ID Predictions Made by an Engineer
Like you, I see a difference between micro and macro evolution. I am an engineer who has a problem with the assumption that is made by biologists -- that significant change in fitness can be achieved by microevolution. Without significant changes in added fitness, the multitude of microevolutionary changes don't have a chance of coalescing into a single genome. Basicly, the UPB (upper probability bound) is reached.

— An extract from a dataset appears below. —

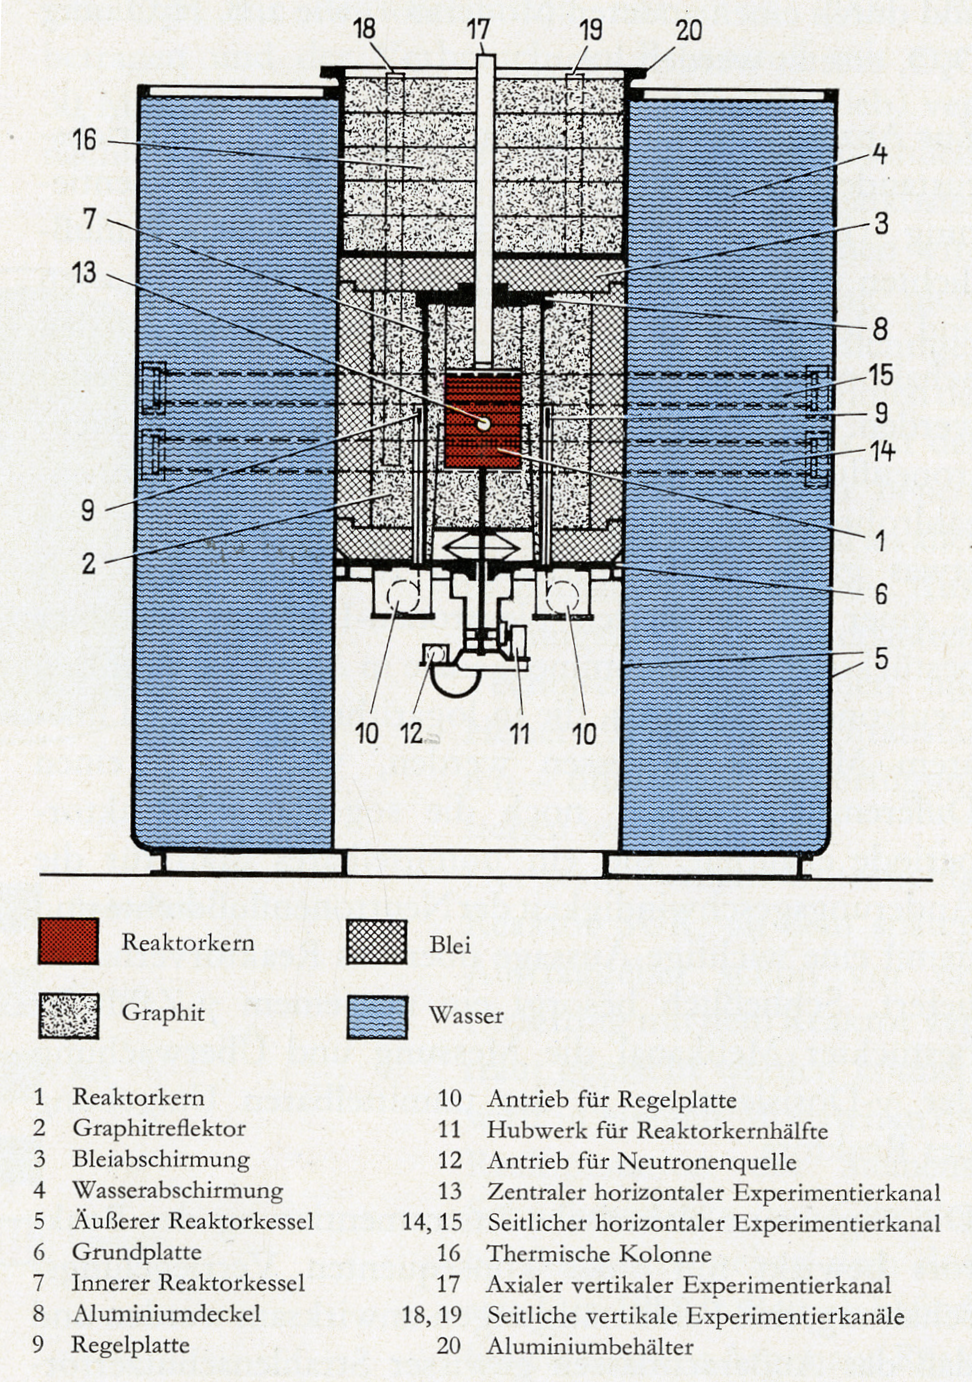 Figure 2: Longitudinal section through the Siemens teaching reactor. Source: Siemens Historical Institute.
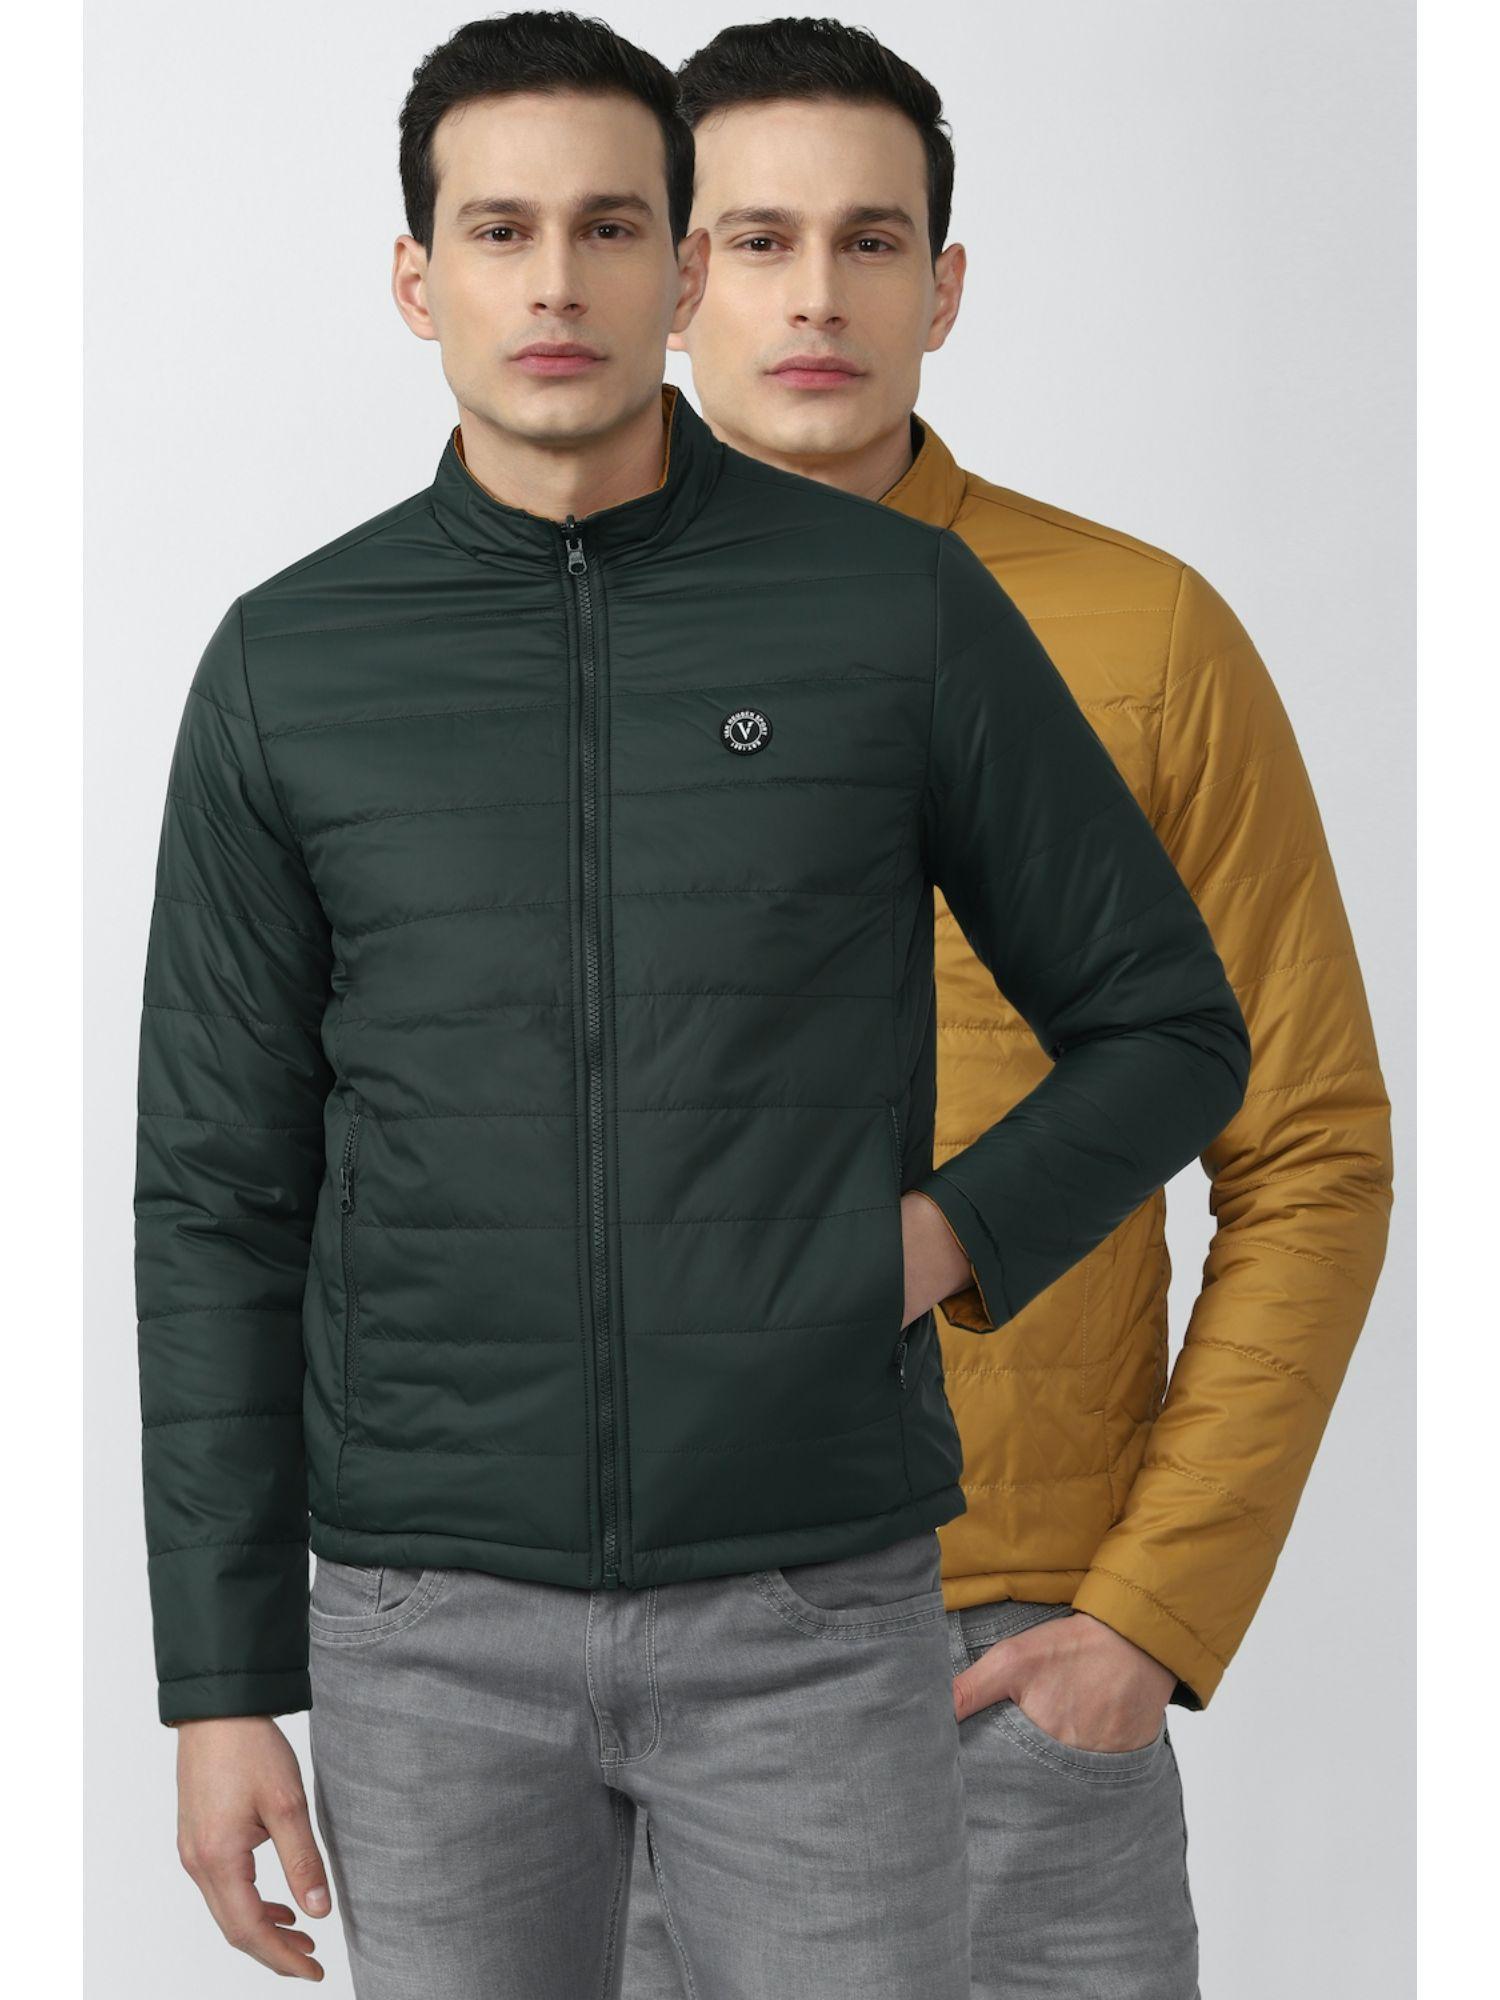 mens textured green reversible jacket

I would say that the vast number of mutations required to construct advanced lifeforms would reduce fitness or be neutral given the complexity of the systems involved. In essence it is like the mousetrap problem (an IC system). The problem is that if one would envision evolutionary development, the vast number of paths would result in dead ends. If we compare the number of possible paths starting out in the direction leading to complex biological systems, to the number that actually lead to complex systems, we reach the UPB. It is similar to the 2nd Law of Thermodynamics(SLoT). Although we can envision ways to violate the SLoT, the violations don't occur due to the low probability. The vast number of states favor local equilibrium or local quasi-equilibrium compared to the few possible states resulting in the violation. So in essence, we can argue that there is a "Second Law" principle acting on biological systems, thus preventing macroevolution.
Frances, I know that you will provide a number of links to argue against this, but I would say that your examples are cases that are designed into biological systems to provide robustness in the design.
[ 11. March 2003, 00:28: Message edited by: kyle7 ]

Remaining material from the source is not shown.